Lloyds Banking Group (LSE: LLOY) shares have climbed 33% since mid-October last year. Buying for further recovery potential is tempting, especially given the share’s current low valuation.
Forecasts value Lloyds shares on a price-to-earnings (P/E) ratio of around 7.5. Analysts think the UK high-street bank is worth only half the long-term FTSE 100 average.
For a bank so closely tied to the long-term UK economy, I think that’s crazy cheap. And predictions show the valuation falling even further in the next couple of years.
But that’s not my main reason for wanting to buy more Lloyds shares in 2023. No, 2022 full-year results hinted at the key attraction for me.
Dividend
Lloyds declared a full-year dividend of 2.4p per share, up 20%. On the current price, that’s an attractive yield of 4.7%.
Forecasts see the dividend yield hitting 6% by 2024 too. I treat that with caution, certainly. But the 2022 dividend was three times covered by earnings. And Lloyds reckons its capital generation should continue to grow steadily between now and 2026.
Are Lloyds’ dividends the key feature for me? Well, sort of, but not entirely. I do invest mainly for dividends, which I always reinvest for the long term. But there’s something more fundamental lying behind it all.
Downside
Before I get too excited, there definitely are risks with Lloyds. I know that from experience, having made my first Lloyds investment at close to double today’s share price.
High interest rates currently provide a boost for bank profits. And for 2023, Lloyds expects a net interest margin above 3%. That’s high by long-term standards. And it’s got to be affected when Bank of England rates come down.

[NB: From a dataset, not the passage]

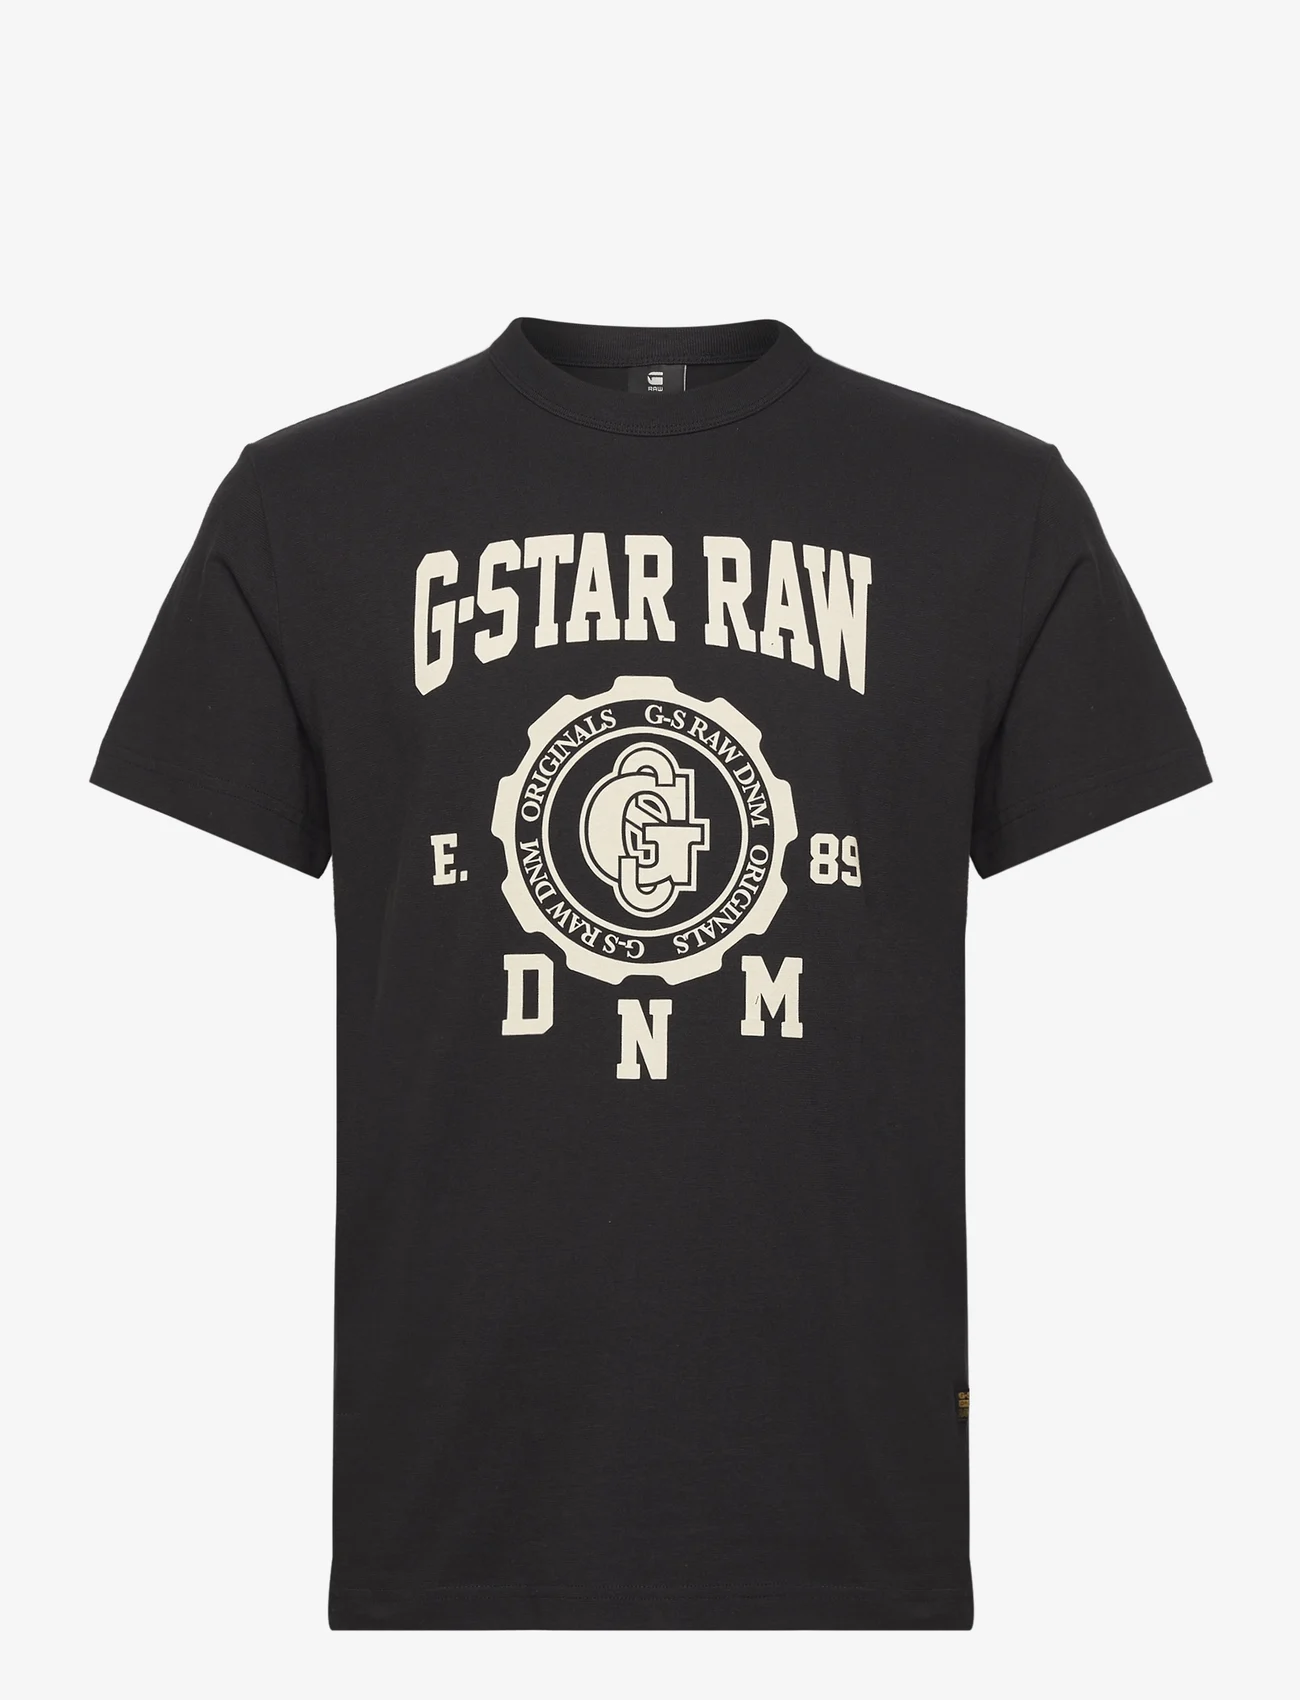 G-Star RAW - Collegic r t - t-shirts à manches courtes - dk black - 1

Exposure to the housing market makes for further risk, with Lloyds being the UK’s biggest mortgage lender.
Reason to buy
The one thing I like above all when it comes to a bank like Lloyds is its capital generation. Without that, there’d be no dividends. And there’d be little to drive share price valuations.

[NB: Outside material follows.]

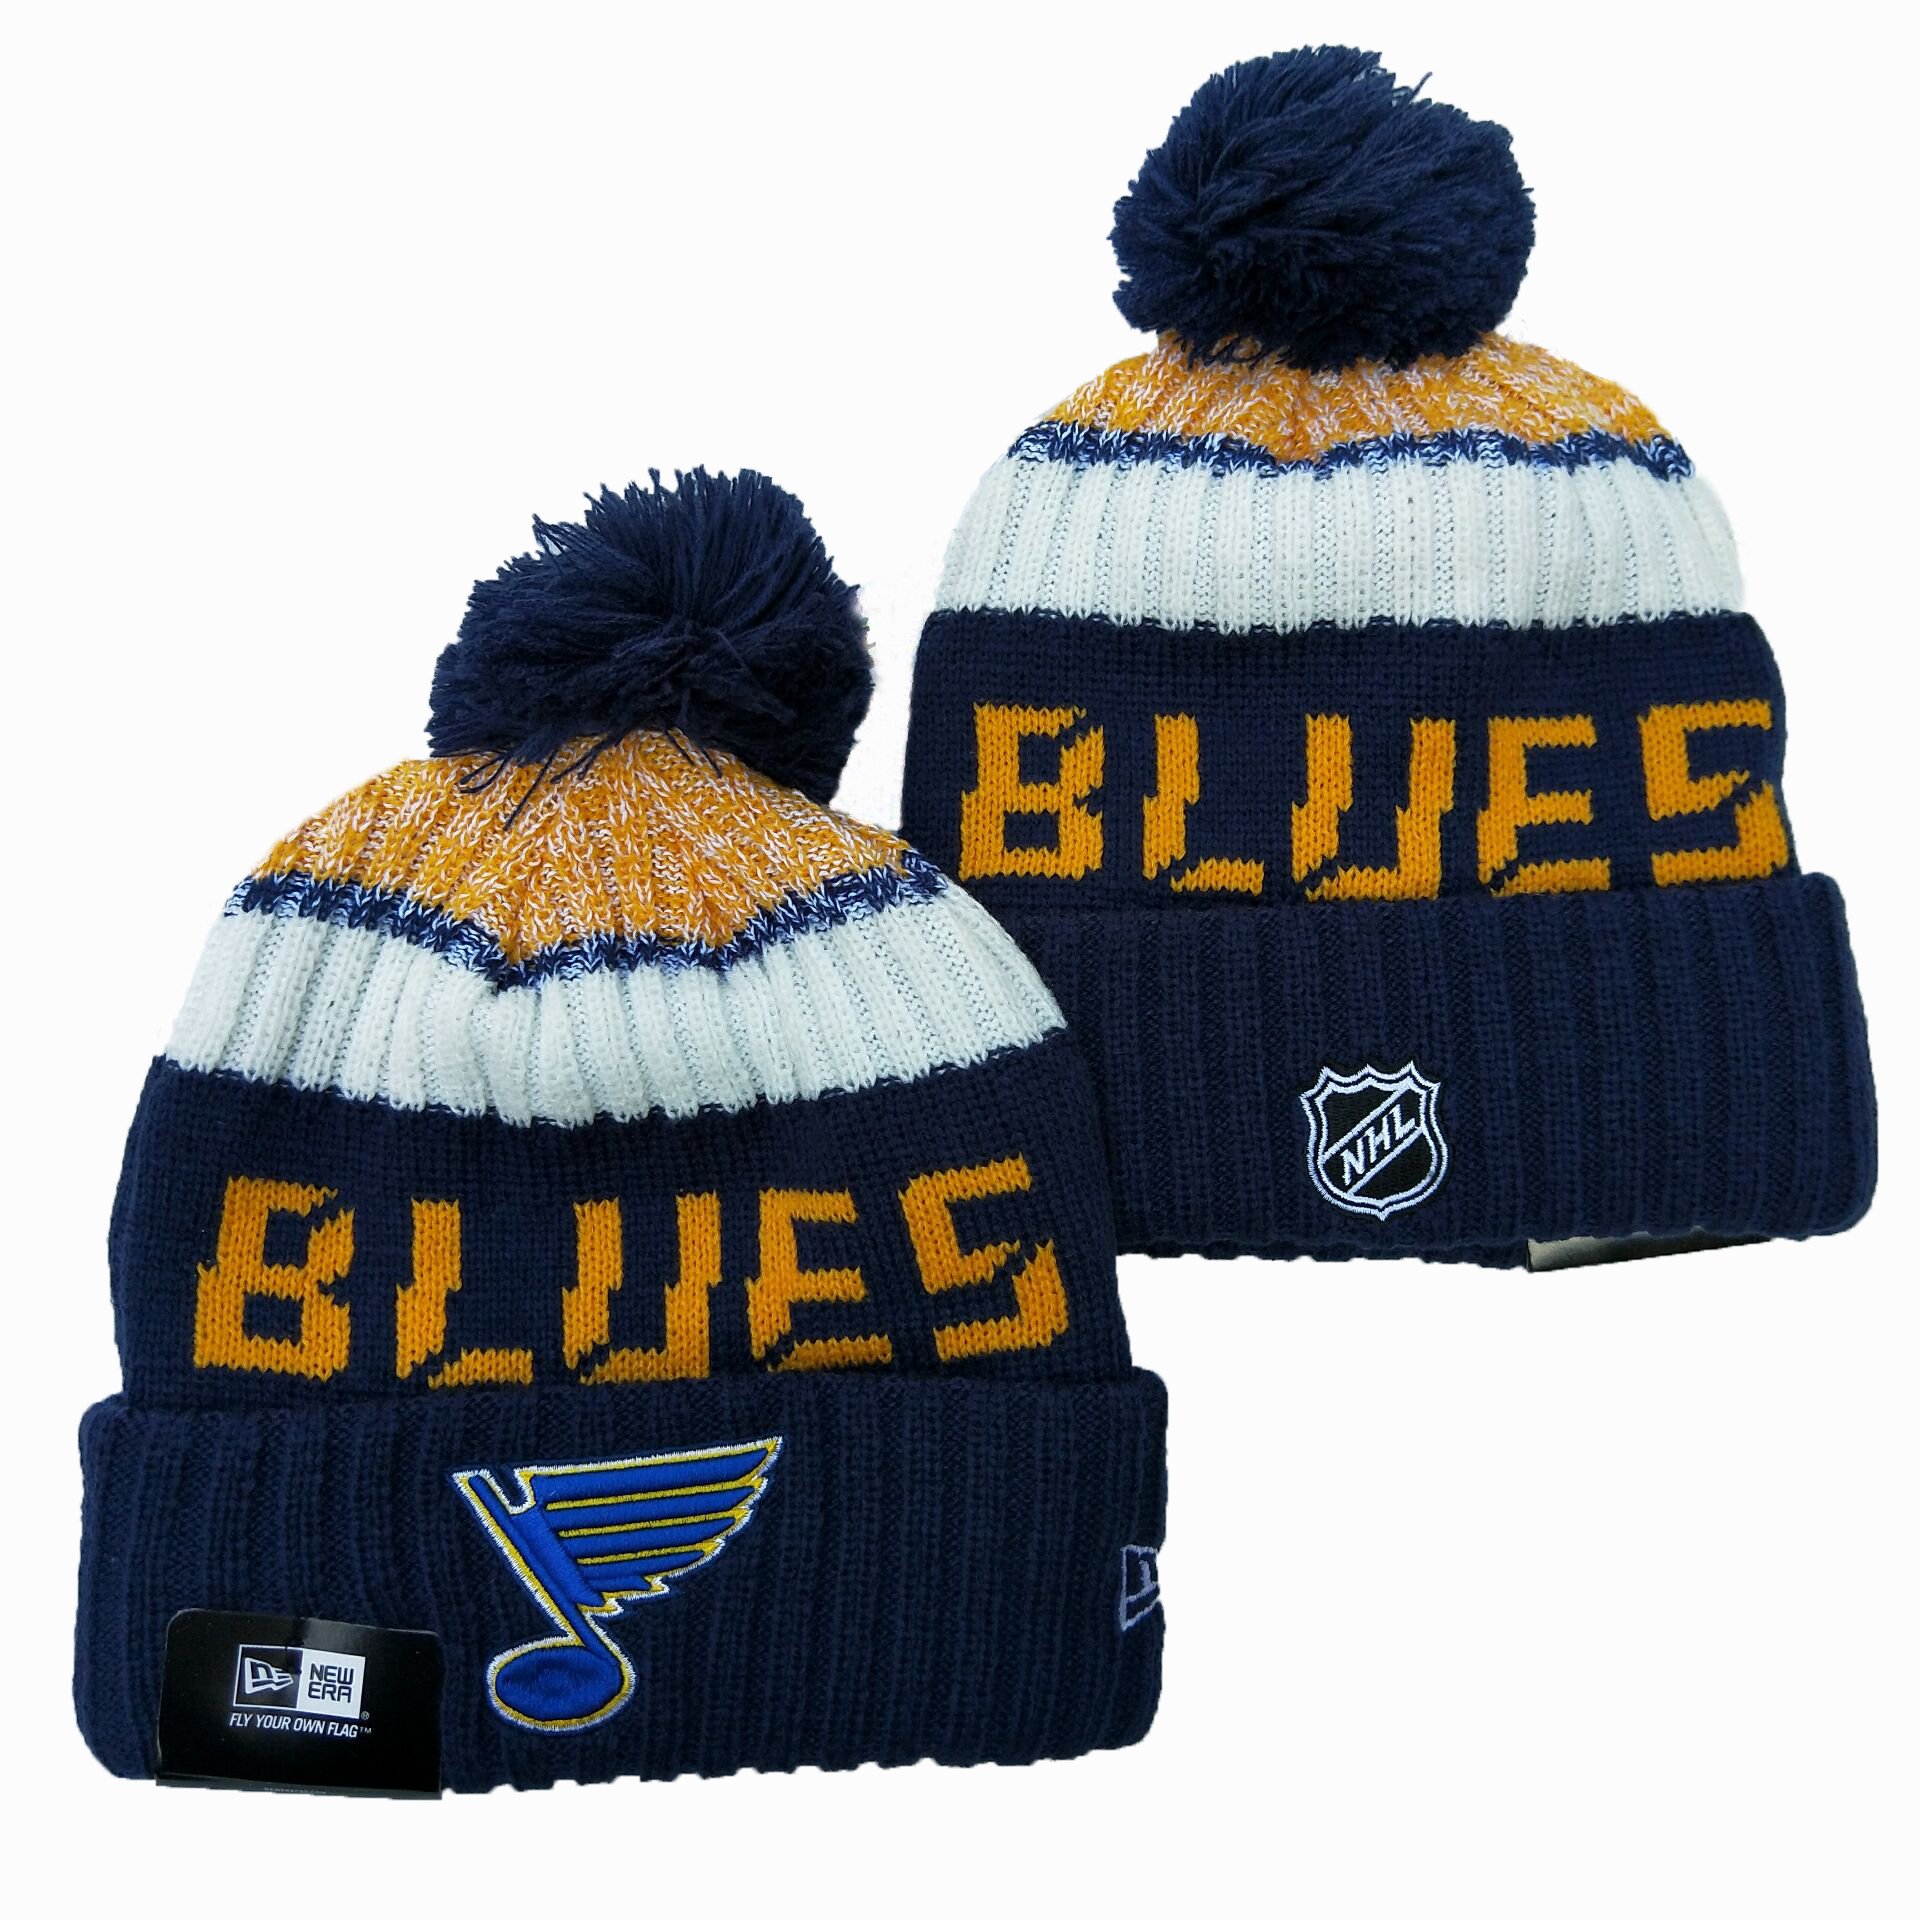 St. Louis Blues Knit Hats -1

The Lloyds board has decided to return up to £2bn in spare capital to shareholders by way of a share buyback, which has already started. That’s a lot of money, especially when the banking sector is supposedly facing a hard time.

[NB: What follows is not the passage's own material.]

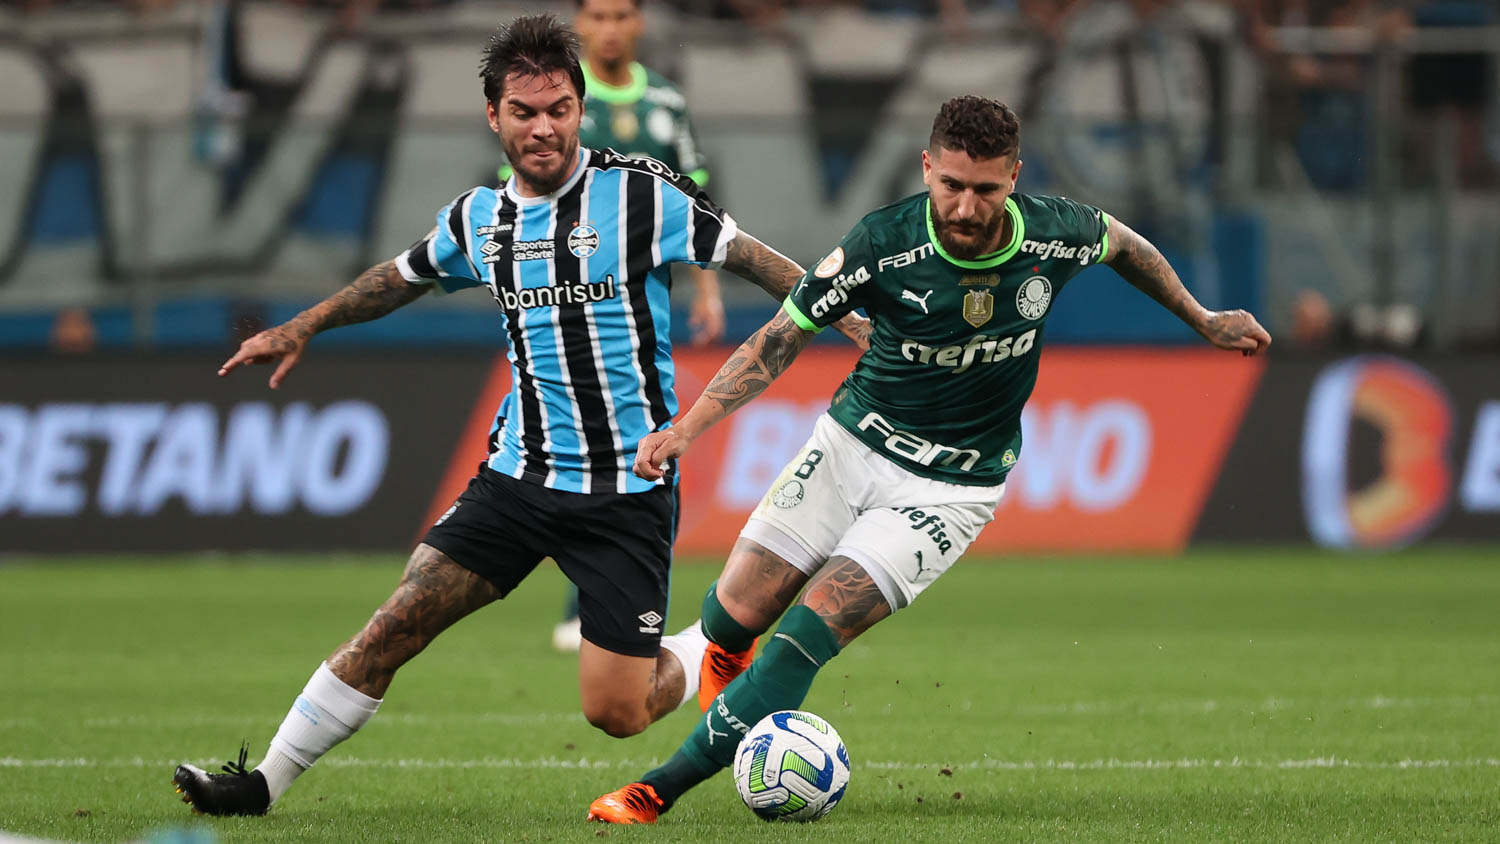 Pré-lista do Palmeiras no Mundial tem Dudu com a camisa 7 e Rony com a 10 -  Placar - O futebol sem barreiras para você

It does lend strength to the argument that Lloyds shares are cheap now. After all, a company board would surely find a better way to return cash if it thought its own shares were expensive.
Total returns
Whichever way a company decides to pay its shareholders, total returns are what matter. On that score, Lloyds’ total capital returns for 2022 come to a whopping £3.6bn.
This is in a year when the bank took a £1.5bn underlying impairment charge. And when the board understands the current pressures on property prices and future pressures from falling interest rates.
If that’s what Lloyds can achieve for shareholders in a year like 2022, I’m trying to imagine what might be possible when inflation is under control, UK economic growth is back, and impairments are a thing of the past.